As I flagged in the “Suburb Selection Methodology” page, using paid platforms like HtAG and DSR you will be able to insert some / most of the suburb factors which I have outlined in this Step 4 and filter down the 15,000+ potential suburbs in Australia to a list of 20 - 100 suburbs.

I appreciate it would be useful to get some further guidance on this, so I have included some potential filtration searches which you can use to narrow down your list of suburbs. Noting this is just for HtAG and DSR, but you can adapt these to other paid platforms as they all have a similiar way of filtering suburbs. Noting that for each of these platforms it is also possible to filter for houses or units (which includes townhouses).


HtAG filtering

If you are using the HtAG platform, in the ‘Suburb Shortlisting’ section you will see that there are actually some pre-populated filtering ‘strategies’ you can use depending on your budget and goals. You can then amend the pre-populated filters to include more (or less) data factors - which is similiar to ‘Example 1’ below. Alternatively, you can ignore the pre-populated filters and create your own based off the data factors we have discussed previously - which is similiar to ‘Example 2’ below. Another option is just using the pre-populated filters from HtAG as is…

Example 1

Example 1

If you are going to use DSR it is also important that you “sort” the results of the filtering process so that those suburbs are listed from highest DSR score to lowest - an example on how to do this is below in yellow.

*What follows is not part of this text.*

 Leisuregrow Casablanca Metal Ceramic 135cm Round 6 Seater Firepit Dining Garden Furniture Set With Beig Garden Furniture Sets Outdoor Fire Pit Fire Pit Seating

Step 1:Use the ‘Dex’ system to compare all suburbs in the shortlist.

I have included a link to HtAG’s description of the Dex system - I also highly recommend doing the Mastermind session / free tutorial on how to use this comparison tool as they will explain it better than me.

However, in summary, the Dex system allows you to compare the entire list of shortlisted suburbs by assigning a weight to a variety of metrics and the algorithm will then give each suburb a score based on those metrics which you have deemed more important. This is extremely useful because, as we have discussed, not all metrics are equally as important.

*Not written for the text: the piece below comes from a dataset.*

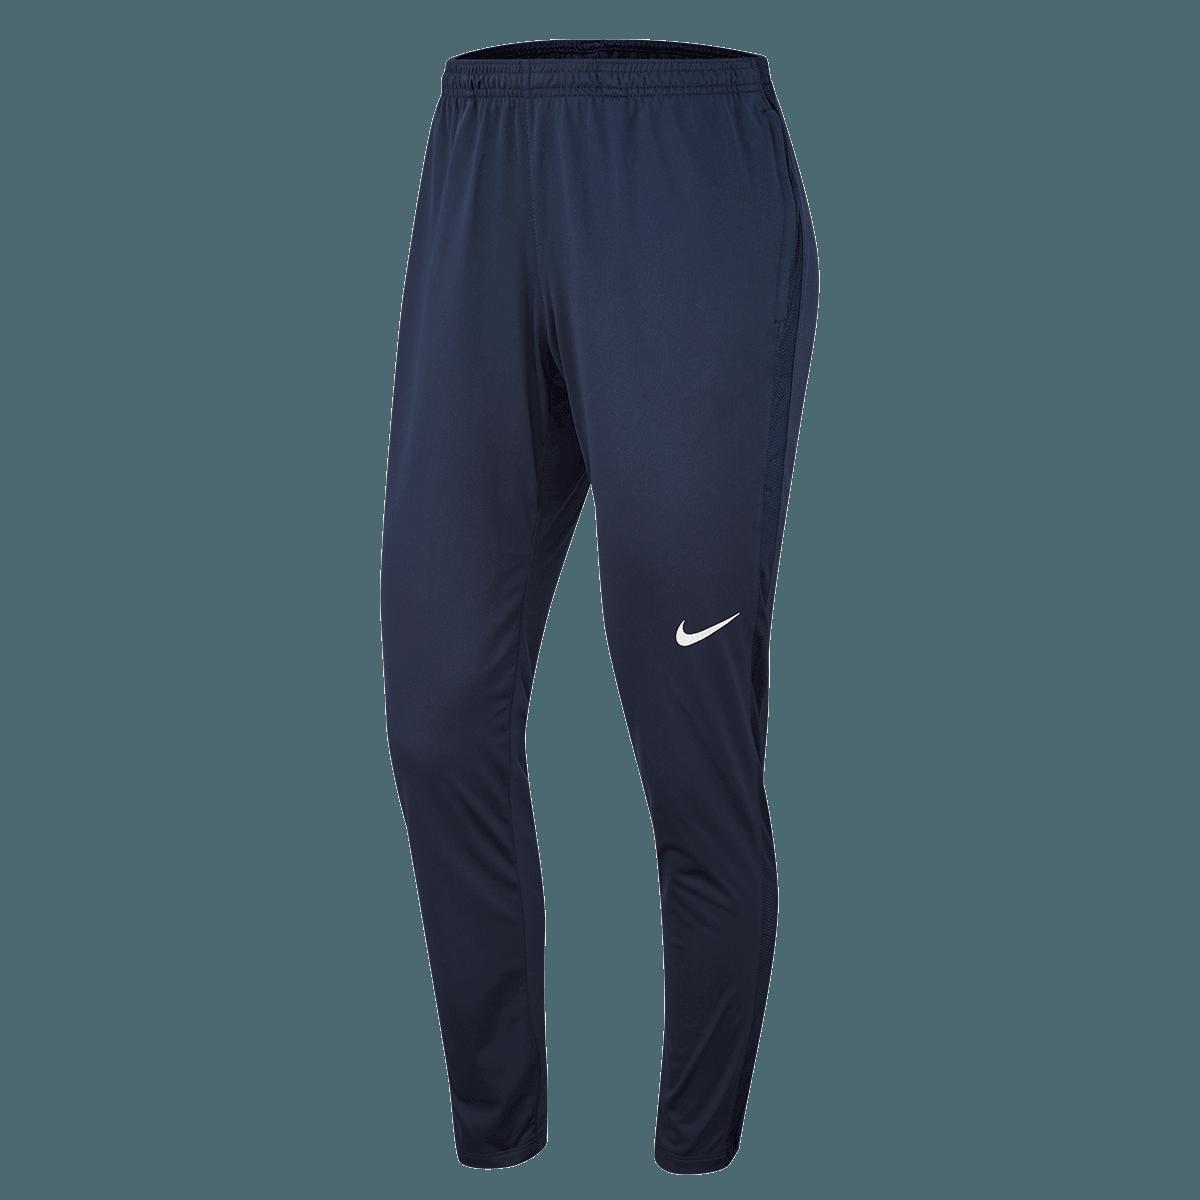 Nike dames trainingsbroek Academy 18 Pant donkerblauw/wit - Voetbal shop

There is a ‘Dex Lite’ and ‘Dex Pro’ - but the HtAG team has been generous enough to pre-populate the metrics for you based on which ‘strategy’ you choose (you can find these next to the ‘Compare’ button and there is an explanation of each on the HtAG website). This means that you could literally go and click the ‘Compare’ button and ‘Generate Dex Scores’.

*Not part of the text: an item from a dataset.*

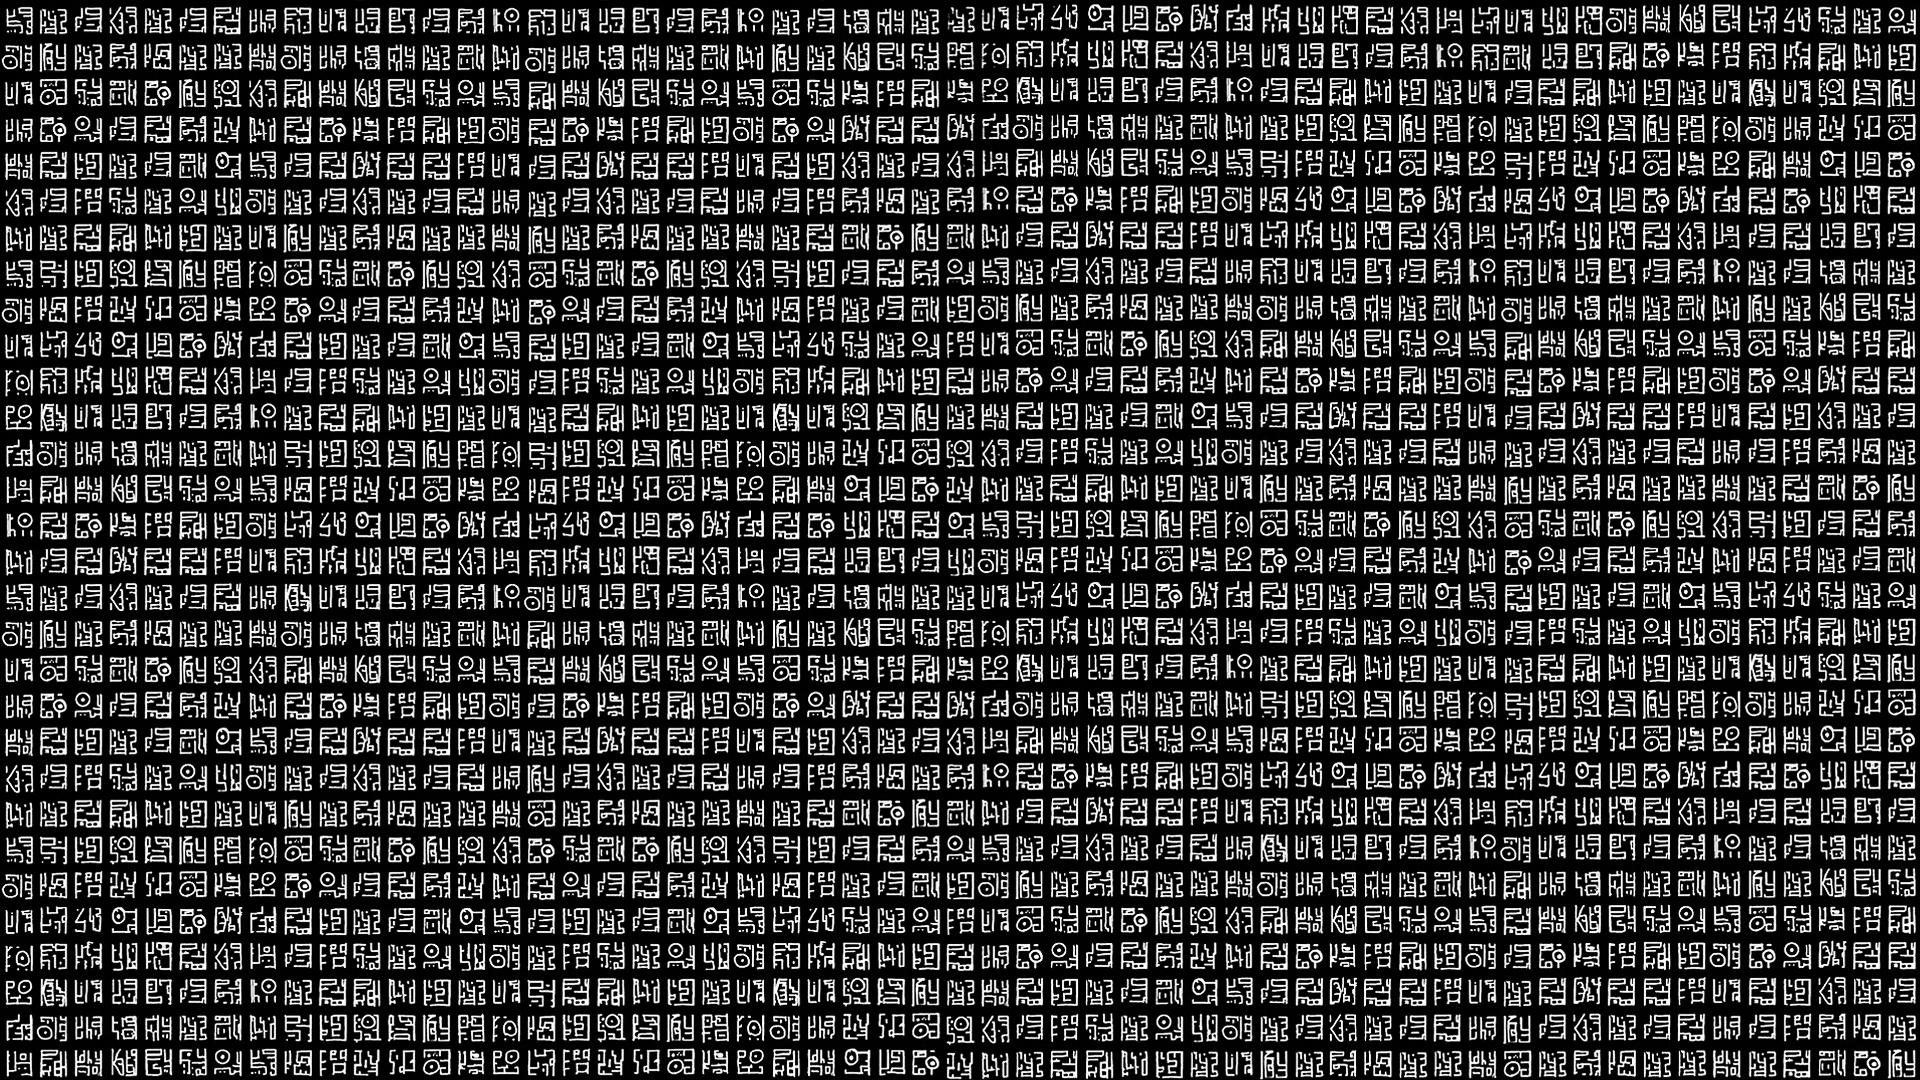 Hieroglyphs Wallpaper 6   1920 X 1080 stmednet 1920x1080

Once you have done this, your shortlist will automatically sort from highest to lowest in terms of Dex Scores.

I just want to reiterate that you should invest time in understanding how to use the Dex system as these pre-populated weightings may not align with your personal strategy - they are standardised, so you need to learn how to personalise them (however, they are a good base).


Step 2:Review the top 10 based on the Dex Scores and disregard those which are not in diversified economies or are clearly in greenfield estates / surronded by developable vacant land.

Depending on the filters you have applied, it is likely that no suburbs will need to be disregarded; however, just in case you should do this anyway and this will just involve you clicking the ‘name’ of the suburb which will automatically take you to its suburb page which has a Google Maps extract - from there it may be immediately obvious that it is a tiny rural town or is surronded by vacant developable land etc.

Alternatively, you may need to briefly apply the ‘City / Region Factors’ we discussed to see if it is actually a diversified major regional town that may be worth considering. For reference, HtAG has an ‘EDI’ / ‘Economic Diversity Index’ and ‘Lower Risk RCS’ score which should guide you as to how risky a location is, but I still like to double check using the methodology I showed earlier just to be sure.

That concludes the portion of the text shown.